Eso sí, cada pleito terminaba por arrastrar a los amigos. Ya era costumbre que los llamaran para escuchar el drama de su relación, como si fueran los terapeutas de turno.

—¿Y ahora por qué pelearon?—. Vanesa le acercó un vaso de agua.

Estrella no se hizo de rogar y lo tomó sin chistar.

—Tengo vacaciones y él ni siquiera quiso salir conmigo, prefirió irse a pescar con mi papá—. Estrella levantó la voz, señalándose a sí misma, como si no pudiera creerlo.
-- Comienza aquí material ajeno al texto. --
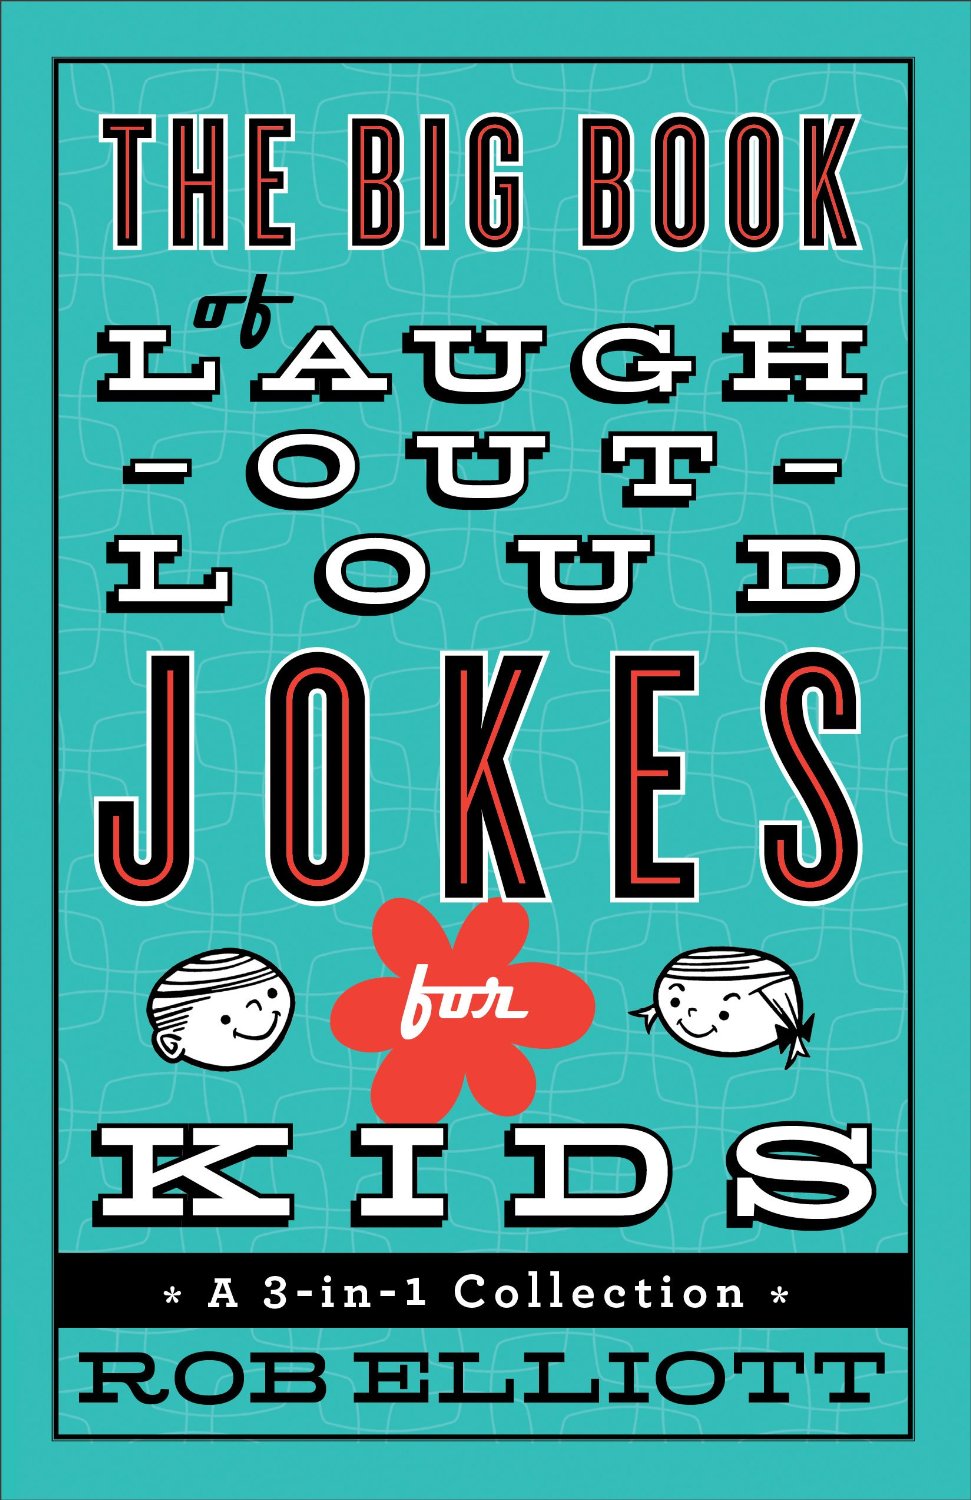 Joke Books for April Fools' Day

—¿De verdad dejó plantada a su novia para irse con mi papá? ¿Por qué mejor no se casa con él de una vez?—

Las razones por las que estos dos discutían nunca dejaban de sorprenderlas. Pero esto sí era insólito.

Ismael se acercó rápido, mientras Estrella volteaba la cara, dejando ver su disgusto.

Vanesa y Sabrina se miraron de reojo y levantaron las cejas, listas para disfrutar el espectáculo.

—Ay, mi reina, ya sé que la regué. Pero tú misma dijiste que tenías planes el fin de semana, por eso invité a tu papá a pescar. Te avisé antes, ¿o no?—

—¿Y yo qué sabía que mis amigas iban a salir todas al mismo tiempo?—. Estrella infló las mejillas, pero su voz ya no sonaba tan enojada.

—Si hubiera sido otra persona, lo hubiera cancelado sin problema, pero con tu papá no es tan fácil. Ándale, perdóname esta vez, ¿sí?—. Ismael le jaló suavemente la manga, casi suplicando.

—Bueno, pero la próxima vez yo tengo que ser tu prioridad—, cedió ella, aunque todavía con gesto ofendido.

—No va a haber próxima vez. Te lo juro, no va a pasar otra vez—. Ismael respondió en un segundo, con un tono que mezclaba urgencia y un poco de resignación.

Vanesa y Sabrina ya estaban acostumbradas a ese show. No importaba quién se enojara primero, en cuanto uno cedía, el otro bajaba la guardia de inmediato. Mientras otras parejas se distanciaban con cada discusión, estos dos solo terminaban más pegados, y de paso hacían que sus amigas terminaran empalagadas con tanto amor.